From Gura's web site as of this AM. In short, shape up Fenty and Co. or more court fun to come.


Clearing the Air
July 18th, 2008 by Alan Gura

There’s been some confusion about how the Supreme Court’s decision is to be implemented, and what it means for DC’s registration system, going forward. We’d like to clear the air.

The handgun that Mr. Heller tried to register in 2002, the registration of which was ordered by the courts, is a nine-shot revolver. It is fully registerable under D.C. law as it stands today, and Mr. Heller will have it registered to him. We are not expecting the city to resist the registration of this firearm.

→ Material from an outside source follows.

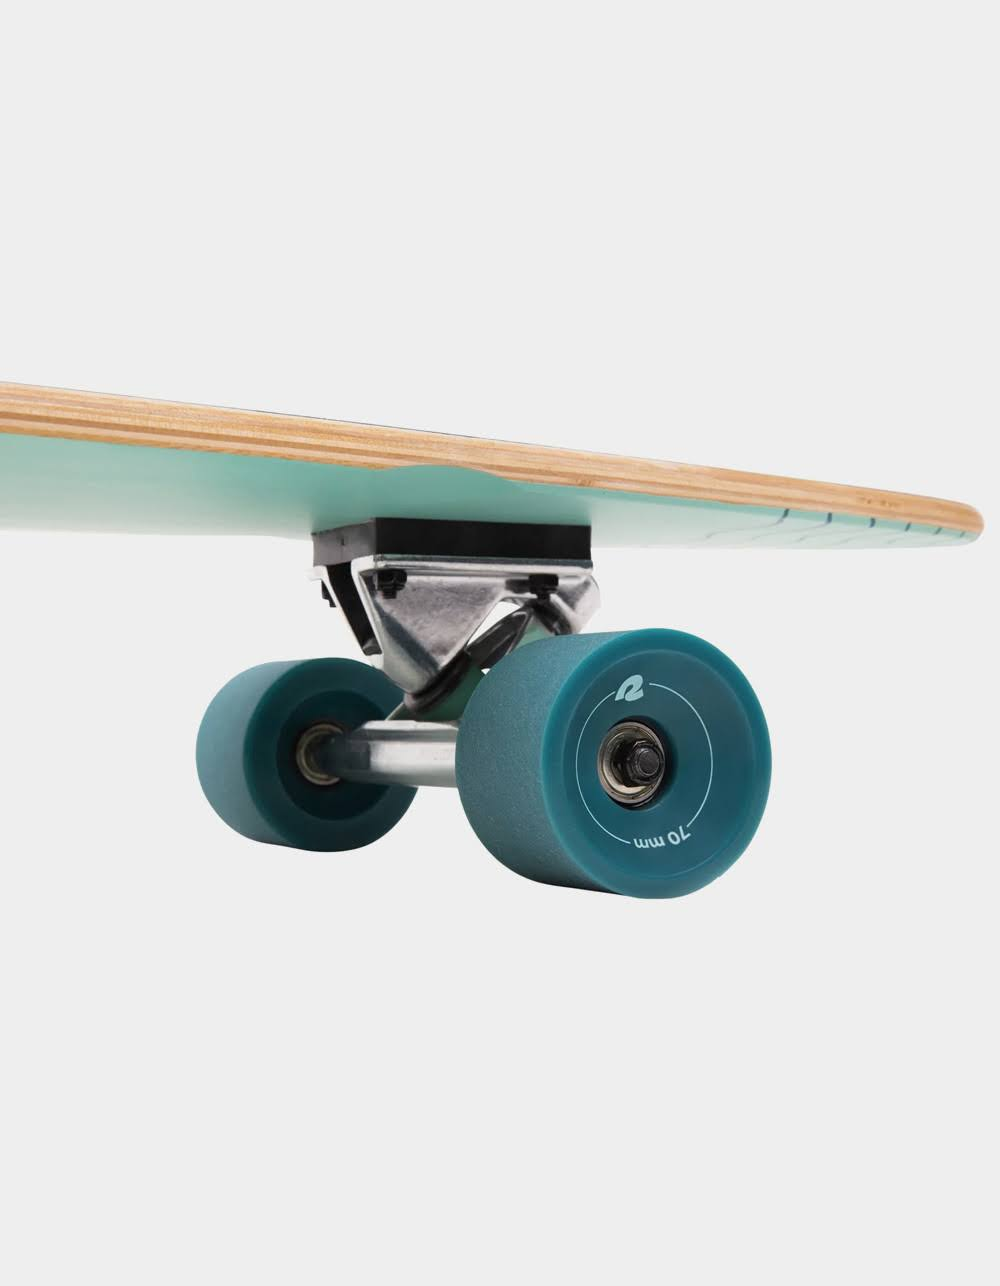 Retrospec Zed Bondi Wave 41″ Pintail Longboard Complete with Skate Tool

Once the gun is registered to Mr. Heller, he can use it to defend his home.

There are significant, practical limits on the number of arguments that can be put together in one lawsuit. In our case, we chose to focus on the handgun and functional firearms bans – and that was plenty work for the courts to consider. Litigants do not have unlimited space in the briefing, or unlimited time in argument, and there is a significant strategic advantage – as we have demonstrated – in keeping constitutional litigation focused and narrow.

That does not mean that the rest of the D.C. Code with respect to firearms is constitutional. Much of it is not. But the entire code was not directly at issue in our case. It is our hope that Mayor Fenty and the City Council, or Congress, if the Mayor and City Council are unwilling to do so, sit down with their code books and the Supreme Court’s opinion, and make a serious effort to conform the former to the latter. If the political branches do not make the city’s firearm laws constitutional, then as we’ve seen, the courts will do it for them.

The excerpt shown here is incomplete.